Side effects occur in most chemotherapeutic agent treatments and in some cases, the side effect emerges more strongly than the effect (NPL 3). Such a background gave rise in recent years to the concept of symptomatic therapy (supportive therapy) for relieving symptoms with respect to symptoms accompanying cancer and side effects due to treatment. Specifically, drugs for suppressing nausea (serotonin blockers and dexamethasone), antidiarrheics and intestinal regulators for diarrhea, purgatives for constipation, anti-inflammatory agents and analgesics for stomatitis, antibiotics for infection, blood transfusion for supplementing anemia, vitamin preparations for numbness caused by microtubule affecting agents etc., are used (NPL 6). However, although there are patients with whom alleviation of symptoms to some degree is seen, sufficient effects are not obtained in many cases and it cannot yet be said that an effective supportive therapy is established (NPL 7).

Current supporting therapies are symptomatic treatment agents administered to patients after symptoms are expressed as side effects due to chemotherapeutic agents in accordance with the symptoms. If side effects of chemotherapeutic agents can be reduced with foods, this would be a safe and excellent supportive therapy. Although Kampo medicines that reduce side effects of cancer chemotherapeutic agents have been reported up to now (NPL 7), safe foods or food ingredients that patients can ingest freely have not been established. There has thus been a demand for safe foods, food ingredients (supplements), and drugs that can safely prevent side effects of chemotherapeutic agents.

CITATION LIST
Non Patent Literature

[NPL 1] “Numbers of Deaths, Death Rates (per 100,000 population), and Proportions of 10 Leading Causes of Death by Sex.”, [online], Sep. 7, 2018, Ministry of Health, Labour and Welfare, [retrieved on Aug. 21, 2019], Internet, <https://www.mhlw.go.jp/toukei/saikin/hw/jinkou/kakutei17/d1/10_h6.pdf>

[NPL 2] “Latest Cancer Statistics”, [online], Jan. 21, 2019, National Cancer Center Japan, [retrieved on Aug. 21, 2019], Internet, <https://ganjoho.jp/reg_stat/statistics/stat/summary.html>

[NPL 3] “Cytotoxic Anticancer Agents: Controlling Side Effects by Combined Use of Preventive Drugs and Treatment Drugs”, [online], Jun. 28, 2011, AKIRAMENAI-GANCHIRYO-NETWORK, [retrieved on Aug. 21, 2019], Internet, <https://www.akiramenai-gan.com/medical contents/disease/1927/2/>

[NPL 4] “Side Effects of Chemotherapy”, [online], Feb. 2, 2016, National Cancer Center Japan, [retrieved on Aug. 21, 2019], Internet, <https://ganjoho.jp/child/dia_tre/treatment/side_effect01.html>

[NPL 5] “Misunderstandings about Anticancer Agents and Side Effects—Can One Eat Raw Food During Anticancer Agent Treatment?—”, [online], Dec. 14, 2015, The Yomiuri Shimbun, [retrieved on Aug. 21, 2019], Internet, <https://yomidr.yomiuri.co.jp/article/20151214-OYTEW55388/>

[NPL 6] “Pharmacotherapy (Chemotherapy)”, [online], Jul. 22, 2019, National Cancer Center Japan, [retrieved on Aug. 21, 2019], Internet, <https://ganjoho.jp/public/dia_tre/treatment/drug_therapy.html>

[NPL 7] Naohisa Yoshida and 2 others, “<Special Issue: Latest Information on Kampo Therapy.> Efficacy of Kampo Medicine for Side Effect of Anti-cancer Drug Therapy”, Journal of Kyoto Prefectural University of Medicine, 2016, 125(2), pp. 115-125.

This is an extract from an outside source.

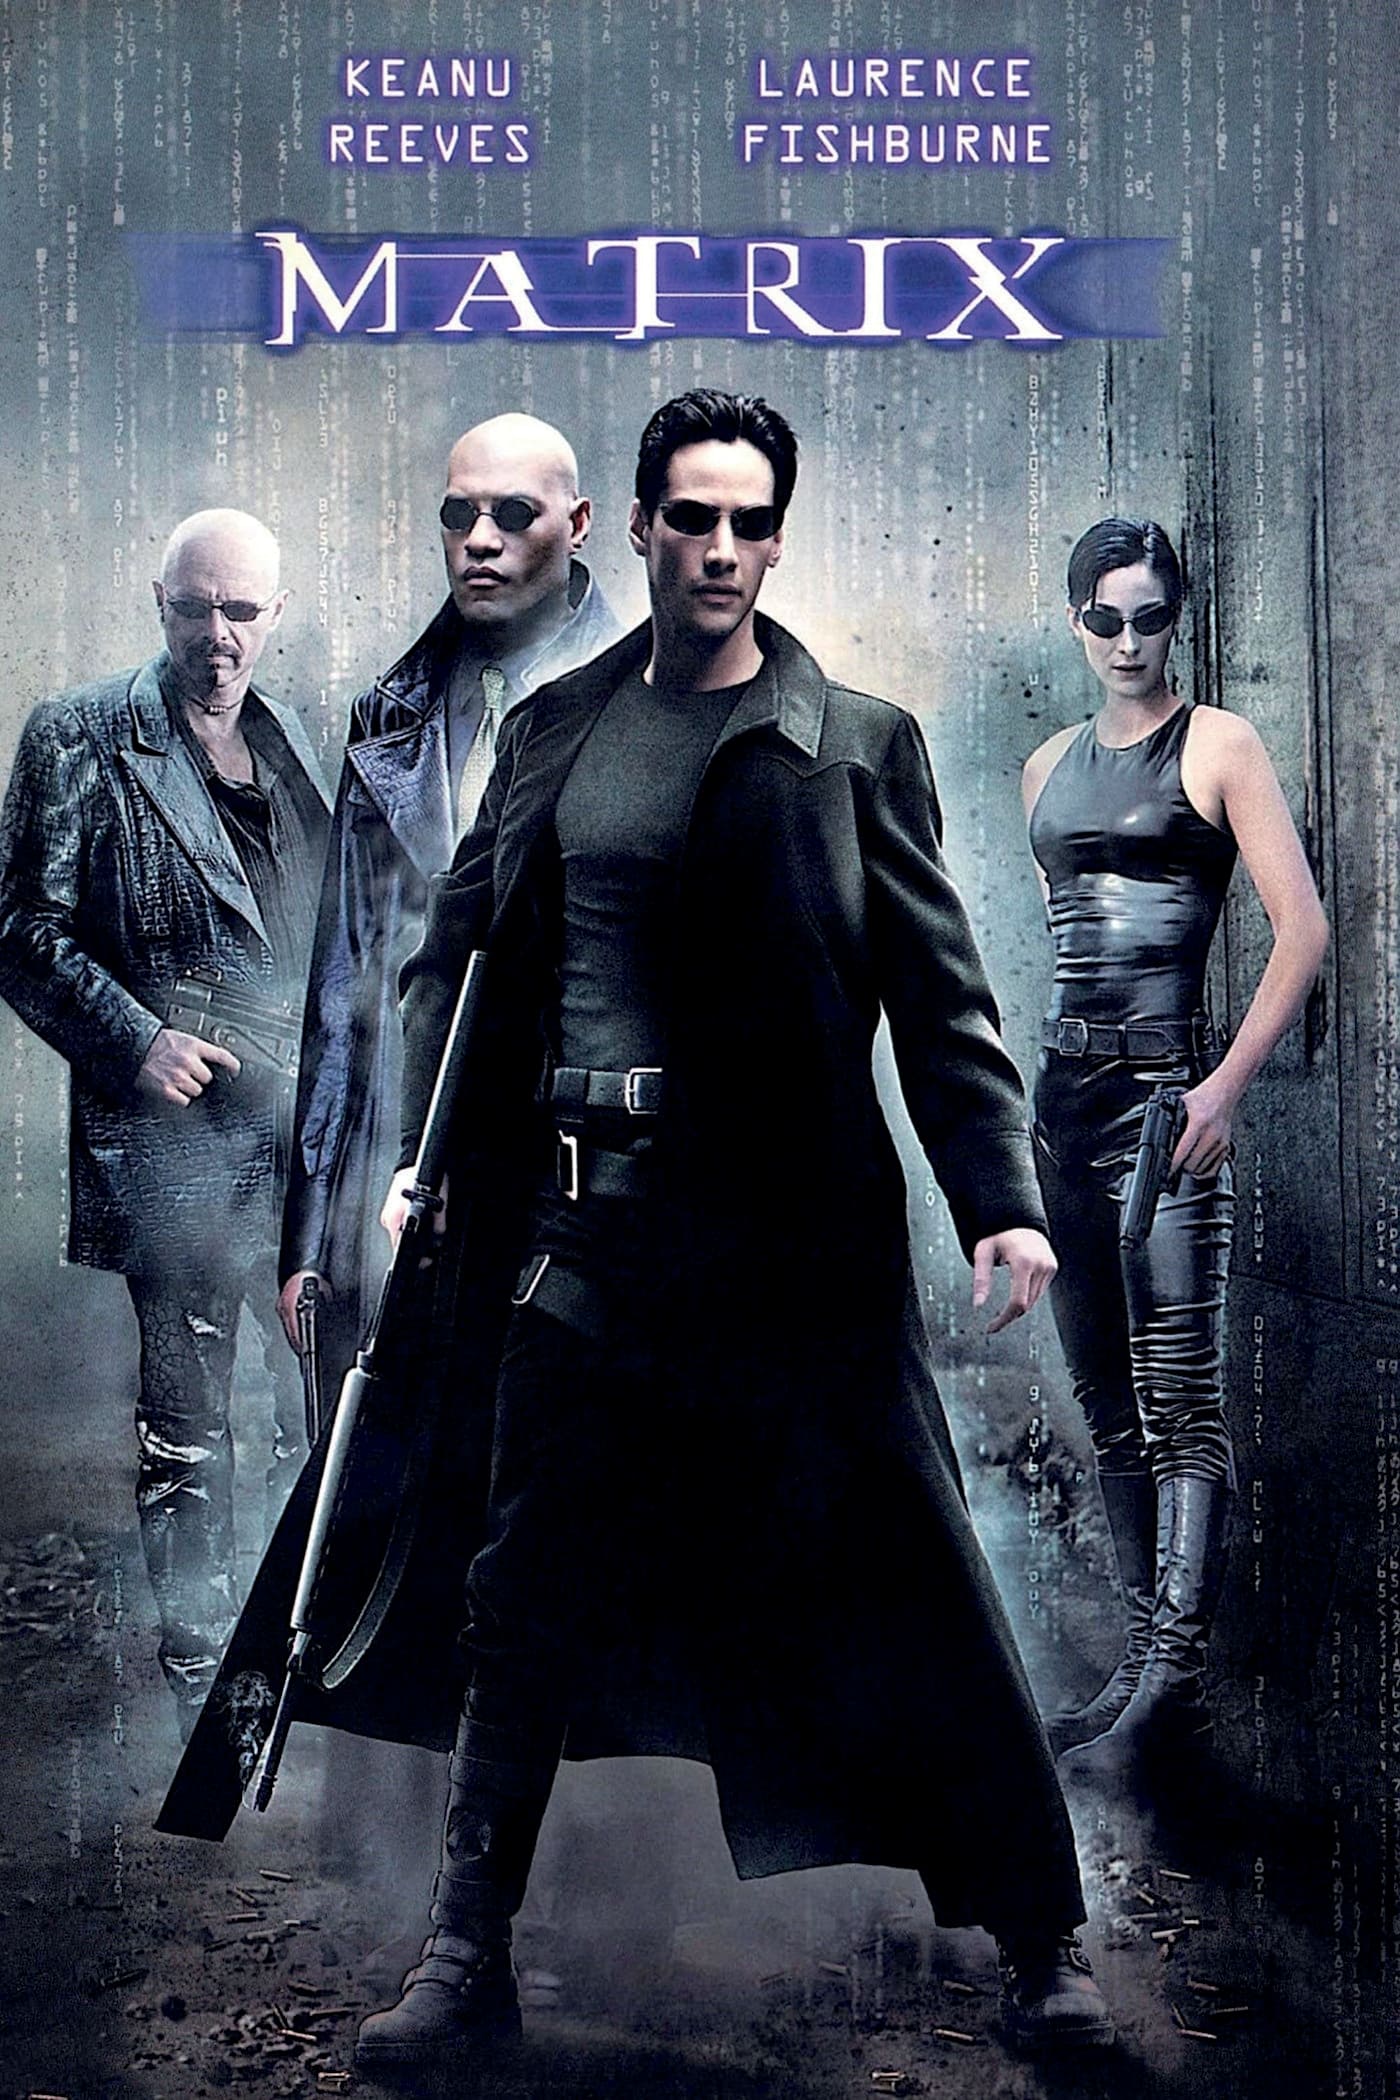 دانلود صوت دوبله فیلم The Matrix 1999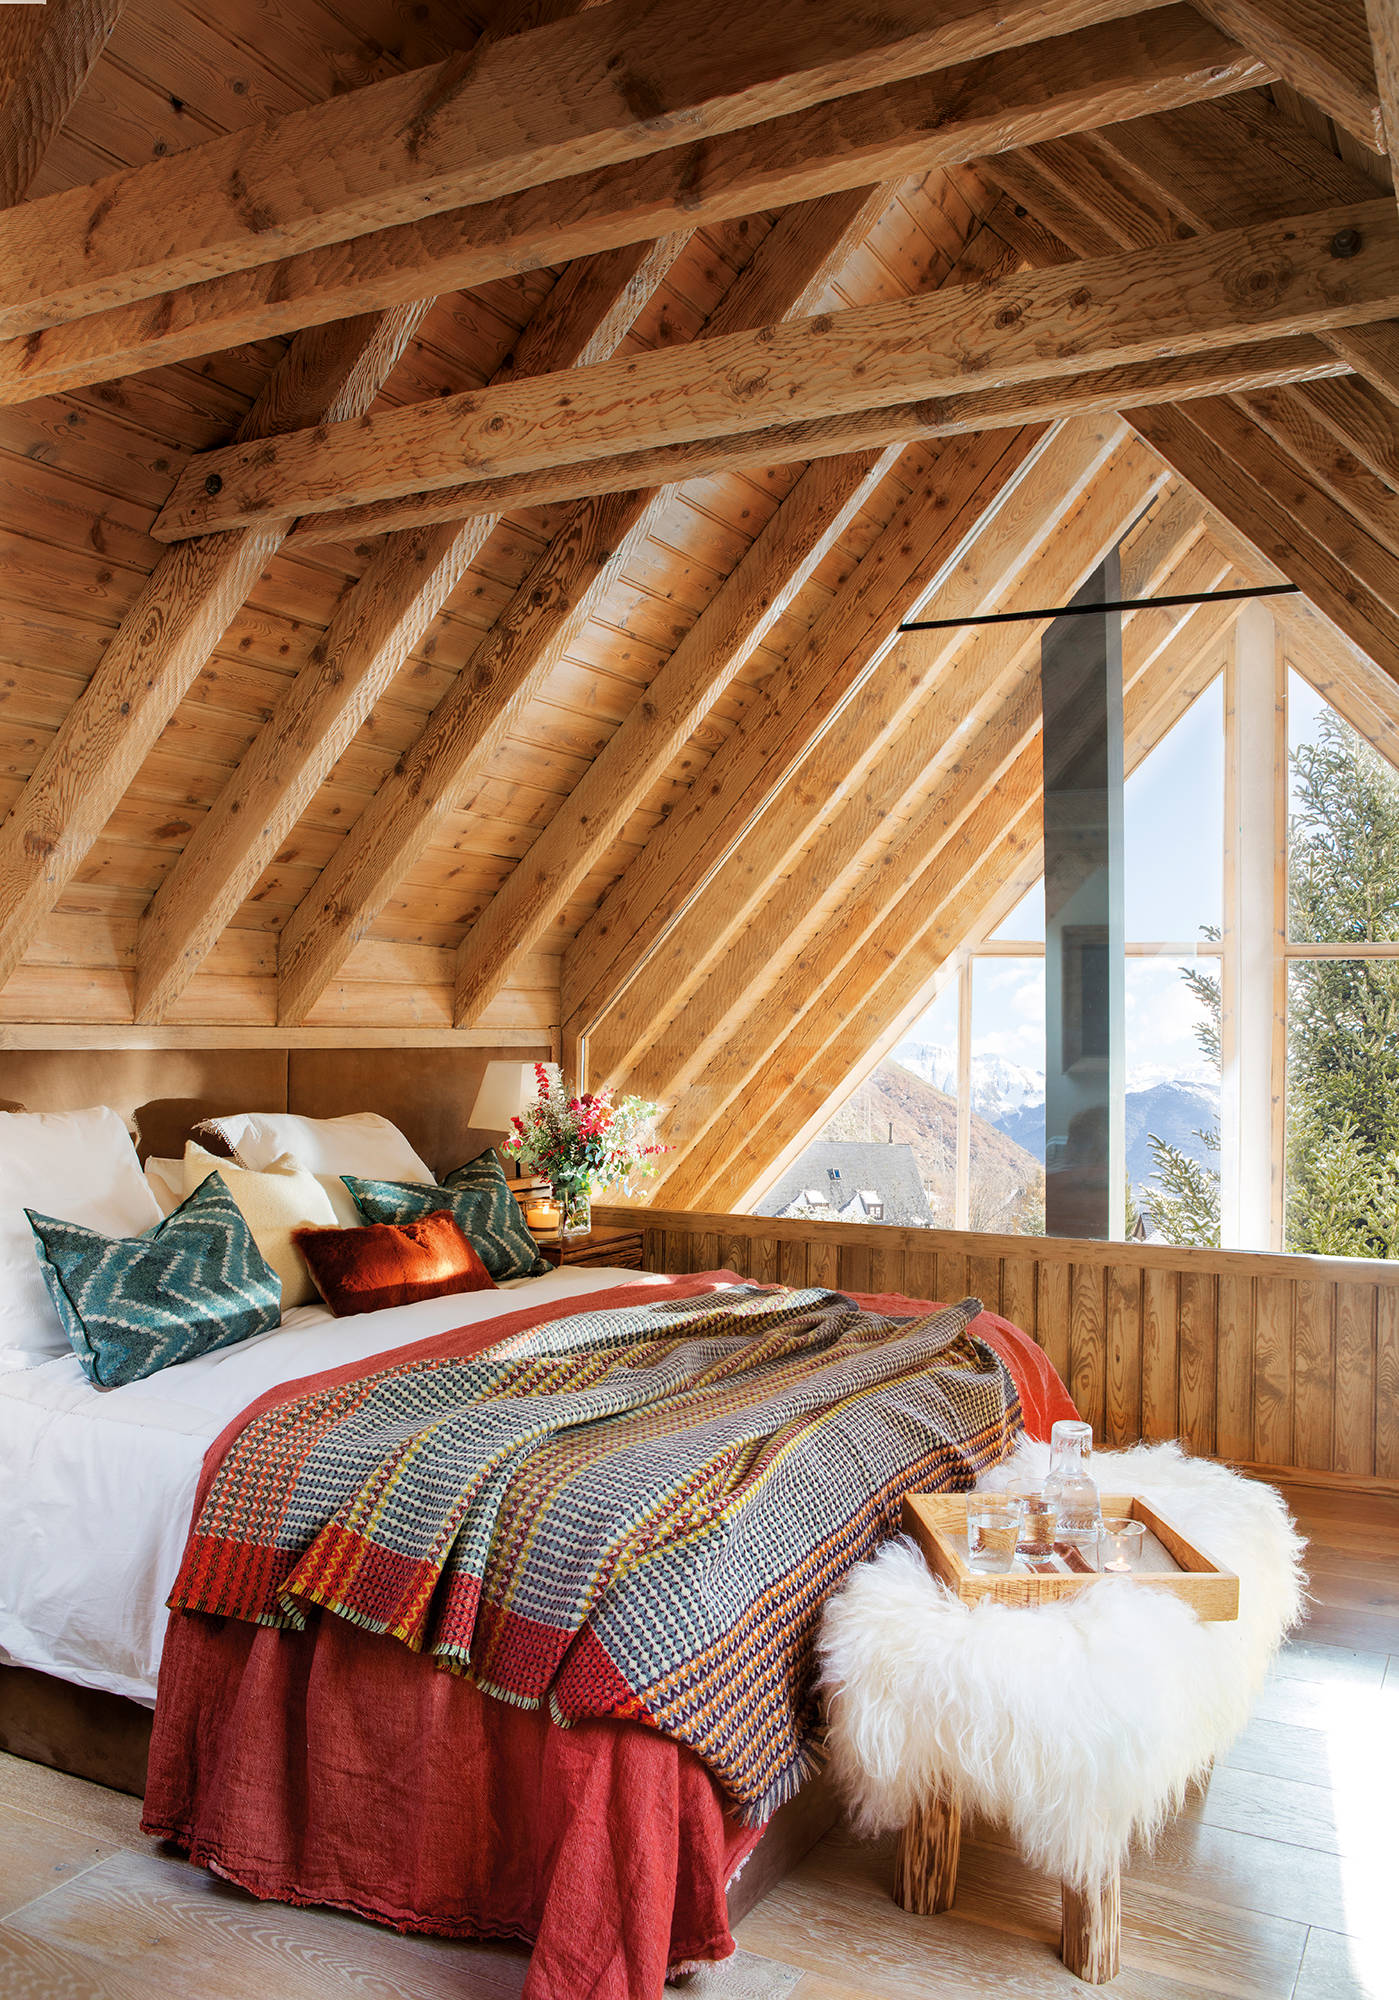 Dormitorio abuhardillado con cama vestida de invierno.

[NPL 8] H. Inagawa et al., “Primed Activation of Macrophages by Oral Administration of Lipopolysaccharide Derived from Pantoea agglomerans”, in vivo, 2016, 30, pp. 205-211.

[NPL 9] Y. Kobayashi et al., “Oral administration of Pantoea agglomerans-derived lipopolysaccharide prevents metabolic dysfunction and Alzheimer's disease-related memory loss in senescence-accelerated prone 8 (SAMP8) mice fed a high-fat diet”, PLoS ONE. 2018, 13(6): e0198493.

[NPL 10] Wikipedia Japan “Streptozotocin”, [retrieved on Aug. 21, 2019], Internet

[NPL 11] T. Hebishima et al., “Oral Administration of Immunopotentiator from Pantoea agglomerans 1 (IP-PA1) Improves the Survival of B16 Melanoma-Inoculated Model Mice”, Exp. Anim., 2011, 60(2), pp. 101-109.

SUMMARY OF INVENTION
Technical Problem

In view of the current circumstances described above, an object of the present invention is to provide a safe food-derived ingredient that reduces side effects of a cancer chemotherapeutic agent. In particular, an object is to provide a food, a food ingredient (supplement), and a drug that reduce lethal toxic effects of a chemotherapeutic agent.

Solution to Problem

A cancer chemotherapy supporting agent, food, or drug according to the present invention is a supporting agent for a cancer chemotherapy that is characterized in containing a lipopolysaccharide as an active ingredient.

Also, it is characterized in that the cancer chemotherapy is that in which an alkylating agent is administered.

Also, it is characterized in that the alkylating agent is streptozotocin or cyclophosphamide.

Also, it is characterized in that the cancer chemotherapy is that in which a platinating agent is administered.

Also, it is characterized in that the platinating agent is cisplatin.

Also, it is characterized in that the cancer chemotherapy is that in which an antimetabolite is administered.

Also, it is characterized in that the antimetabolite is 5-fluorouracil.

Also, it is characterized in that the supporting agent is orally administered.

Also, it is characterized in that the lipopolysaccharide is derived from a bacterium belonging to family Enterobacteriaceae.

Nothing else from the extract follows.